Instructions for the task
Output the line that contains "Blue artificial delphinium" and every line after it to the end of the entries, with nothing added or left out.

Data to process: Begin

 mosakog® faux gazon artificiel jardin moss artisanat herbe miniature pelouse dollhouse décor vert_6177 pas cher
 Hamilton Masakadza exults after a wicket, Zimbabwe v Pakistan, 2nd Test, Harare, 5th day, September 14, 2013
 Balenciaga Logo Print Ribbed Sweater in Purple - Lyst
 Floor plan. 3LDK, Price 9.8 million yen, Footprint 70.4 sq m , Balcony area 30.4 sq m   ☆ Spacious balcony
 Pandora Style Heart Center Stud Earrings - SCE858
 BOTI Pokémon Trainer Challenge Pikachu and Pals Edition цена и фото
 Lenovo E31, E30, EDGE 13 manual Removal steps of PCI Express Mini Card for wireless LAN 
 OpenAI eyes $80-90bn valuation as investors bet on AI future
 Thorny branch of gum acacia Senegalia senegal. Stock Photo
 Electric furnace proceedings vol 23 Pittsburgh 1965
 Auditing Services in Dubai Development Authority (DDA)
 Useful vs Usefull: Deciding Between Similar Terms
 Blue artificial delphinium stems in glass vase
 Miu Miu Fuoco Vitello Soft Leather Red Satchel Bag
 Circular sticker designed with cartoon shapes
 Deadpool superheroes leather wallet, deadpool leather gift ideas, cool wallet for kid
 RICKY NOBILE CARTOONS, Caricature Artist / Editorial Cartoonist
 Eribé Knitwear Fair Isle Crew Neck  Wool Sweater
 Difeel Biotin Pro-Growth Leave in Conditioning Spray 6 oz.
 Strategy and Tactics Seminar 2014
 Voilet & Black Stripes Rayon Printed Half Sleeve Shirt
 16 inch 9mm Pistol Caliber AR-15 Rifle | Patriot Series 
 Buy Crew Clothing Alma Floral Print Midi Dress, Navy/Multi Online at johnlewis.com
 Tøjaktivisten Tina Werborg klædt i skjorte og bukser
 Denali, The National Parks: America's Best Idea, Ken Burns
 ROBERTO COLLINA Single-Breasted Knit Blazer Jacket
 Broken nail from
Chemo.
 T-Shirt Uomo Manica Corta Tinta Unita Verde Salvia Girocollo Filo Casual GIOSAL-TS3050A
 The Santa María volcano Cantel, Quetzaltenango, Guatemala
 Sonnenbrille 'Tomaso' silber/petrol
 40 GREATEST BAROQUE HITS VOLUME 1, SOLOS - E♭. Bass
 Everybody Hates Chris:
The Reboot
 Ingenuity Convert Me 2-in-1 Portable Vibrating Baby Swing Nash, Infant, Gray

Data to process: End

Solution to the exercise
 Blue artificial delphinium stems in glass vase
 Miu Miu Fuoco Vitello Soft Leather Red Satchel Bag
 Circular sticker designed with cartoon shapes
 Deadpool superheroes leather wallet, deadpool leather gift ideas, cool wallet for kid
 RICKY NOBILE CARTOONS, Caricature Artist / Editorial Cartoonist
 Eribé Knitwear Fair Isle Crew Neck  Wool Sweater
 Difeel Biotin Pro-Growth Leave in Conditioning Spray 6 oz.
 Strategy and Tactics Seminar 2014
 Voilet & Black Stripes Rayon Printed Half Sleeve Shirt
 16 inch 9mm Pistol Caliber AR-15 Rifle | Patriot Series 
 Buy Crew Clothing Alma Floral Print Midi Dress, Navy/Multi Online at johnlewis.com
 Tøjaktivisten Tina Werborg klædt i skjorte og bukser
 Denali, The National Parks: America's Best Idea, Ken Burns
 ROBERTO COLLINA Single-Breasted Knit Blazer Jacket
 Broken nail from
Chemo.
 T-Shirt Uomo Manica Corta Tinta Unita Verde Salvia Girocollo Filo Casual GIOSAL-TS3050A
 The Santa María volcano Cantel, Quetzaltenango, Guatemala
 Sonnenbrille 'Tomaso' silber/petrol
 40 GREATEST BAROQUE HITS VOLUME 1, SOLOS - E♭. Bass
 Everybody Hates Chris:
The Reboot
 Ingenuity Convert Me 2-in-1 Portable Vibrating Baby Swing Nash, Infant, Gray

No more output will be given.